Richness_plot <- ggplot(data=ChannelIslands) +
geom_point(mapping=aes(x=Area, y=Native), color="forestgreen", shape=15, size = 2.5) +
geom_smooth(mapping=aes(x=Area, y=Native), color="forestgreen") +
geom_point(mapping=aes(x=Area, y=Exotic), color="dodgerblue", shape=15, size = 2.5) +
geom_smooth(mapping=aes(x=Area, y=Exotic), color="dodgerblue") +
geom_point(mapping=aes(x=Area, y=Endemic), color="firebrick1", shape=15, size = 2.5) +
geom_smooth(mapping=aes(x=Area, y=Endemic), color="firebrick1") +
theme_gray()
Richness_plot
## `geom_smooth()` using method = 'loess' and formula = 'y ~ x'
## `geom_smooth()` using method = 'loess' and formula = 'y ~ x'
## `geom_smooth()` using method = 'loess' and formula = 'y ~ x'
The slope of the relationship of richness to area of exotic (dodgerblue) and endemic (firebrick1) plant species do not vary much at all. They are both fairly flat, although exotic is slightly steeper so diverges gently as island area increases. The native species (forestgreen) slope is much steeper compared to the other two.
mymodel = lm(ChannelIslands$Native ~ ChannelIslands$Area)
summary(mymodel)
##
## Call:
## lm(formula = ChannelIslands$Native ~ ChannelIslands$Area)
##
## Residuals:
## Min 1Q Median 3Q Max
## -57.612 -34.226 -7.542 34.551 61.581
##
## Coefficients:
## Estimate Std. Error t value Pr(>|t|)
## (Intercept) 124.8303 25.9310 4.814 0.002958 **
## ChannelIslands$Area 1.2376 0.1653 7.488 0.000293 ***
## ---
## Signif. codes: 0 '***' 0.001 '**' 0.01 '*' 0.05 '.' 0.1 ' ' 1
##
## Residual standard error: 47.9 on 6 degrees of freedom
## Multiple R-squared: 0.9033, Adjusted R-squared: 0.8872
## F-statistic: 56.07 on 1 and 6 DF, p-value: 0.0002931
ChannelIslands_P4=data.frame(ChannelIslands$Island, ChannelIslands$Dist, mymodel$residuals)
ggplot(ChannelIslands_P4) +
geom_point(mapping=aes(x=ChannelIslands.Dist, y=mymodel.residuals), color = "forestgreen", shape = 15, size = 2.5) +
geom_smooth(mapping=aes(x=ChannelIslands.Dist, y=mymodel.residuals), color="forestgreen") +
xlab("Channel Islands Distance") +
ylab("Residuals") +
ggtitle("Scatter of Residuals and Channel Islands Distance")
## `geom_smooth()` using method = 'loess' and formula = 'y ~ x'
The plot suggests that there is a negative relationship between Channel Island distance and deviation from model richness. This means that far islands have fewer plant species than expected by the Area model.
P4_res_mod <- lm(mymodel.residuals ~ ChannelIslands.Dist, data = ChannelIslands_P4)
summary(P4_res_mod)
##
## Call:
## lm(formula = mymodel.residuals ~ ChannelIslands.Dist, data = ChannelIslands_P4)
##
## Residuals:
## Min 1Q Median 3Q Max
## -37.849 -18.320 8.098 15.904 29.724
##
## Coefficients:
## Estimate Std.
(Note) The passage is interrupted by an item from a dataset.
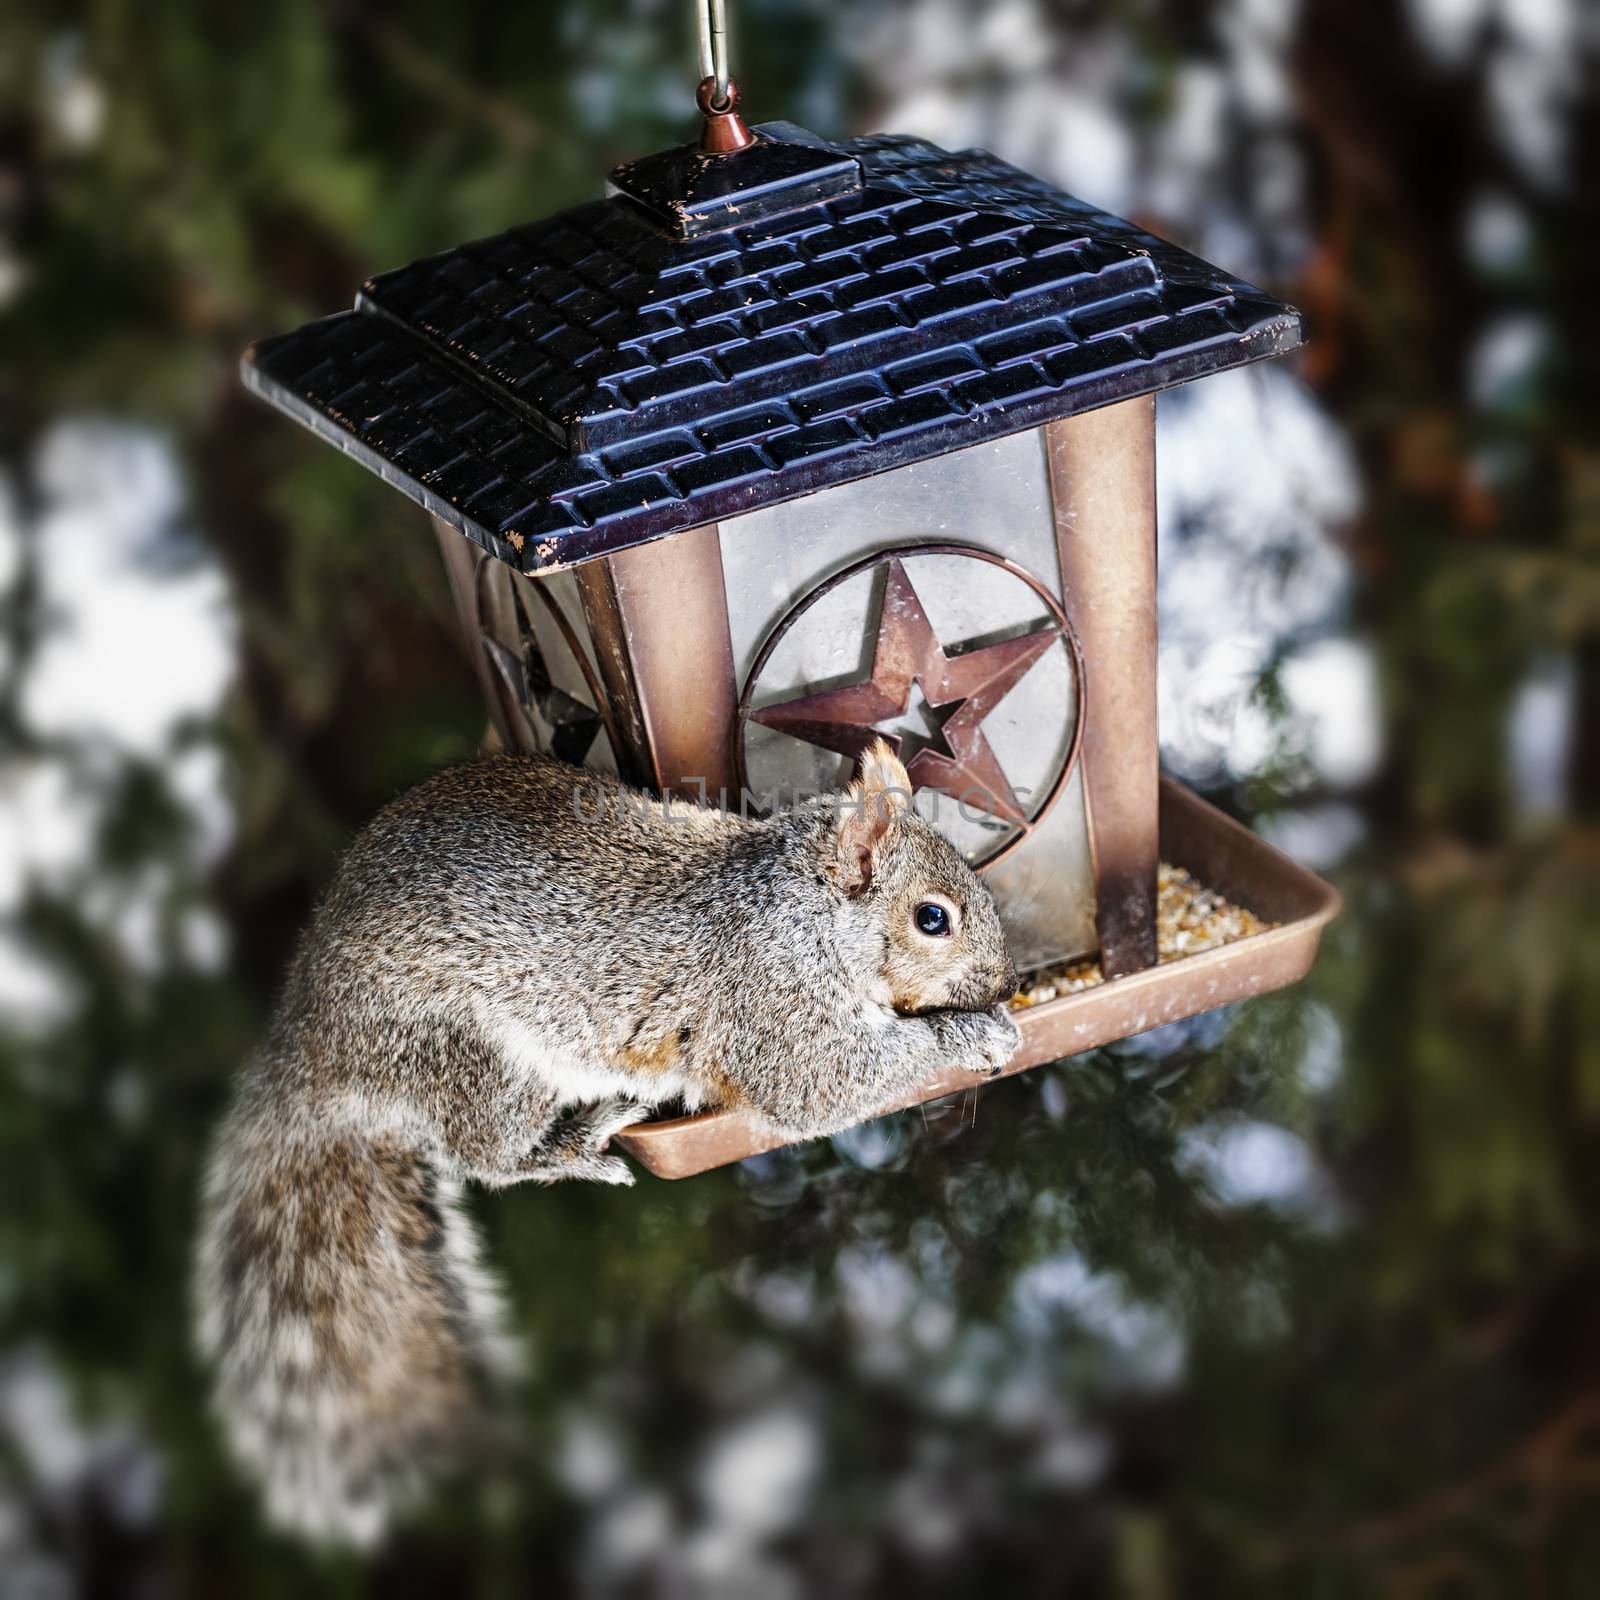 Squirrel stealing from bird feeder by elenathewise

Error t value Pr(>|t|)
## (Intercept) 71.3151 20.4815 3.482 0.01311 *
## ChannelIslands.Dist -1.4052 0.3621 -3.880 0.00817 **
## ---
## Signif. codes: 0 '***' 0.001 '**' 0.01 '*' 0.05 '.' 0.1 ' ' 1
##
## Residual standard error: 25.57 on 6 degrees of freedom
## Multiple R-squared: 0.7151, Adjusted R-squared: 0.6676
## F-statistic: 15.06 on 1 and 6 DF, p-value: 0.008167
The model’s summary shows a slope coefficient of -1.4052 and an intercept of 71.3151. This means that there is a negative relationship where as distance increases by 1 unit, the expected residuals decreases by 1.4052. Additionally, at 0.0 distance, one should expect 71.3151 to be the residual. The t-value is -3.880, F-statistic is 15.06, and multiple R-squared value is 0.7151.
90.33% of the total variance in Native richness was be explained by Area. That means there is 9.67% remaining, and 71.51% of this remaining variance is explained by Distance.